The next morning, the frost on the roof tiles glittered under the thin sunlight, and the air was sharp enough to bite.
Ruan Yue was in her yard splitting firewood — the thin logs stubborn under her axe — when she heard a soft knock on her gate.
She frowned. Nobody came to her place unless they wanted something… or trouble.
Pushing the gate open, she found Zhao Xiuxiu standing there in a pale blue padded jacket, scarf wrapped neatly around her neck, holding a steaming enamel lunch pail.
Ruan Yue blinked. "You're here… why?"
Xiuxiu's cheeks flushed from the cold, but she held the pail out with both hands. "This is for you. Yesterday, at the well… if you hadn't stepped in, I…" She hesitated, her gaze dropping. "I might have been in real trouble."
Ruan Yue crossed her arms. "You don't owe me anything."
"I do," Xiuxiu said firmly. "And I know you didn't have to help me. Please accept it."
Inside the pail was warm millet porridge — thick, golden, with a faint aroma of peanuts. In 1983, that was generosity. A ration-day treat.
Ruan Yue wanted to refuse. In this village, accepting something meant accepting ties. And ties meant gossip, obligation, and trouble.
But the girl's stubborn expression… ugh. It reminded her of her own younger self, back before life had taught her not to expect kindness.
She took the pail. "Fine. But that's the end of it. No more 'repaying favors' nonsense."
Xiuxiu's eyes brightened. "Alright."
They might have parted there — if not for the fact that a shadow fell across the yard.
A tall figure stepped into view, hands in his coat pockets, the collar of his gray military jacket catching the sunlight.
Shen Wenxiu.
The moment his gaze landed on the lunch pail in Ruan Yue's hands, his expression iced over.
"Xiuxiu," he said, voice low, "what are you doing here?"
Xiuxiu startled. "I—I just came to—"
"She was leaving," Ruan Yue cut in, handing the pail back to Xiuxiu. "And she won't be back."
Xiuxiu looked between them, flustered, then reluctantly took the pail. "I… should go."
She slipped past Shen Wenxiu and hurried down the path, her figure vanishing behind the row of bare persimmon trees.
Ruan Yue turned back to the man still standing there, his gaze sharp enough to cut glass.
"You've got some nerve," he said coldly. "First you stir trouble at the well, now you're getting close to her?"
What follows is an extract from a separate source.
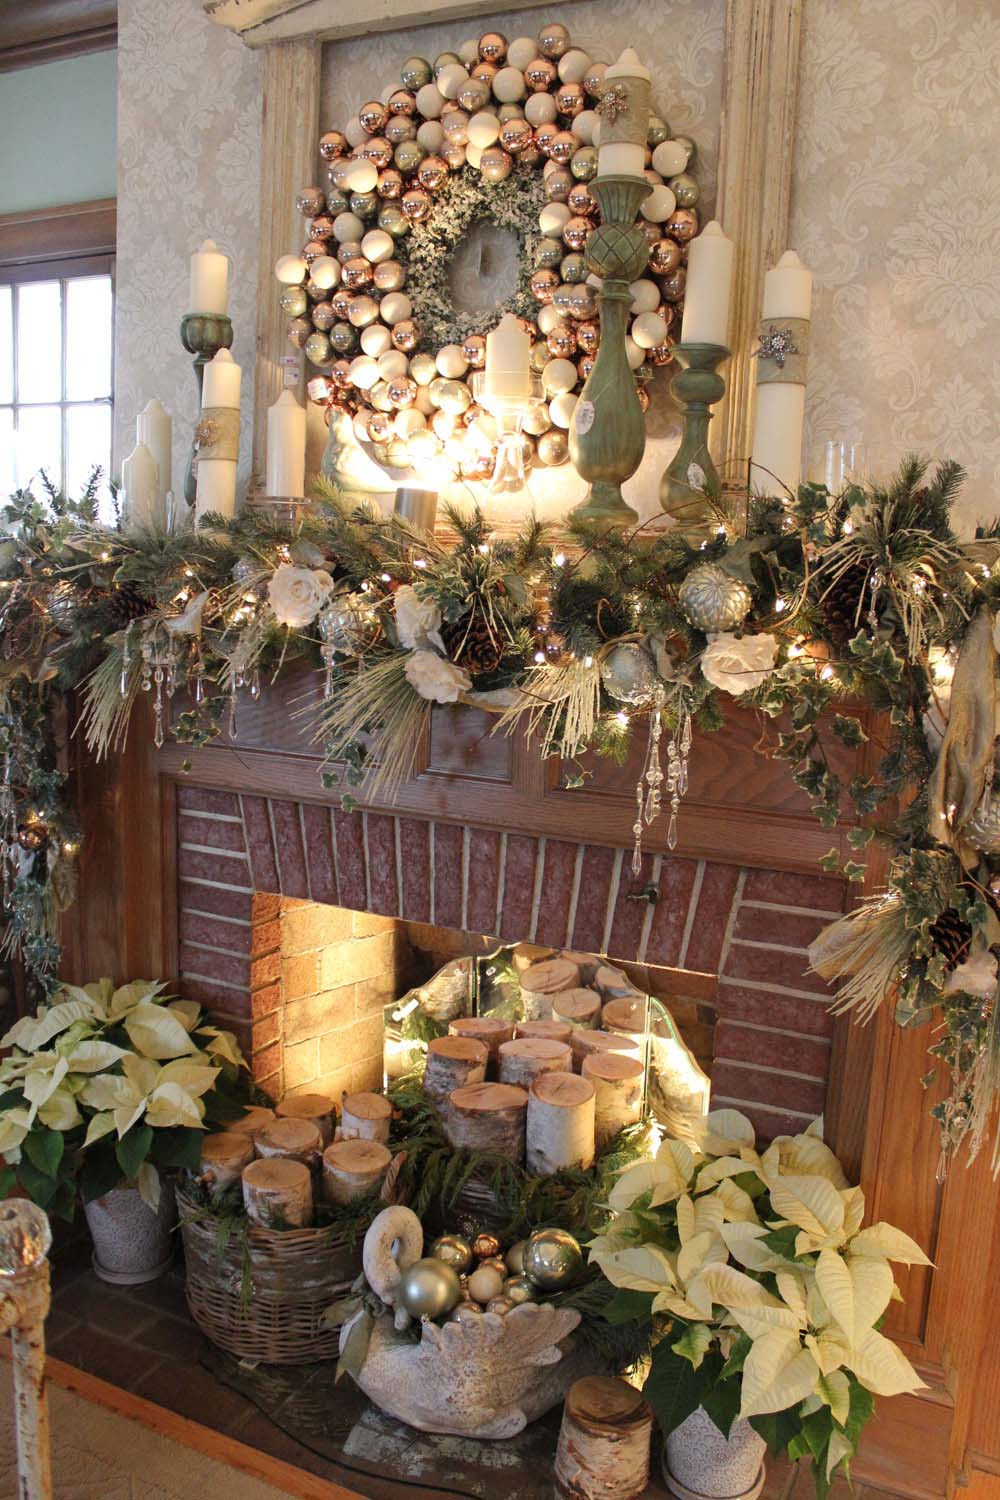 Fireplace Decorations For Christmas
 50 Christmas Mantel Decorations that are Sure to Grab

Ruan Yue gave a humorless laugh. "You think too highly of me. I don't have the time or energy to play your drama."
Shen Wenxiu stepped closer, his shadow falling over her boots. "Stay away from Zhao Xiuxiu. In this life, you won't ruin her."
"In this life?" she repeated slowly, eyes narrowing. So, the rebirth had already made him this paranoid.
"Exactly," he said.
She tilted her head, smiling faintly. "Don't worry, Shen Wenxiu. I have no interest in your precious heroine. In fact, if you keep showing up at my door like this, the villagers will start thinking you're the one who can't stay away from me."
His jaw tightened, but he didn't answer. Instead, he gave her one last look — cold, assessing — before turning on his heel and walking off.
The system chimed in her head:
> Male lead hostility level — 82%.
"Wow," she muttered. "Three points. At this rate, maybe I can get him down to 50% before we both die of old age."
But she couldn't ignore the other warning in the system's tone — Shen Wenxiu was watching her too closely. One wrong step, and he'd make her life a living hell.
And in a village where rumors were currency, even the truth could be twisted into a knife.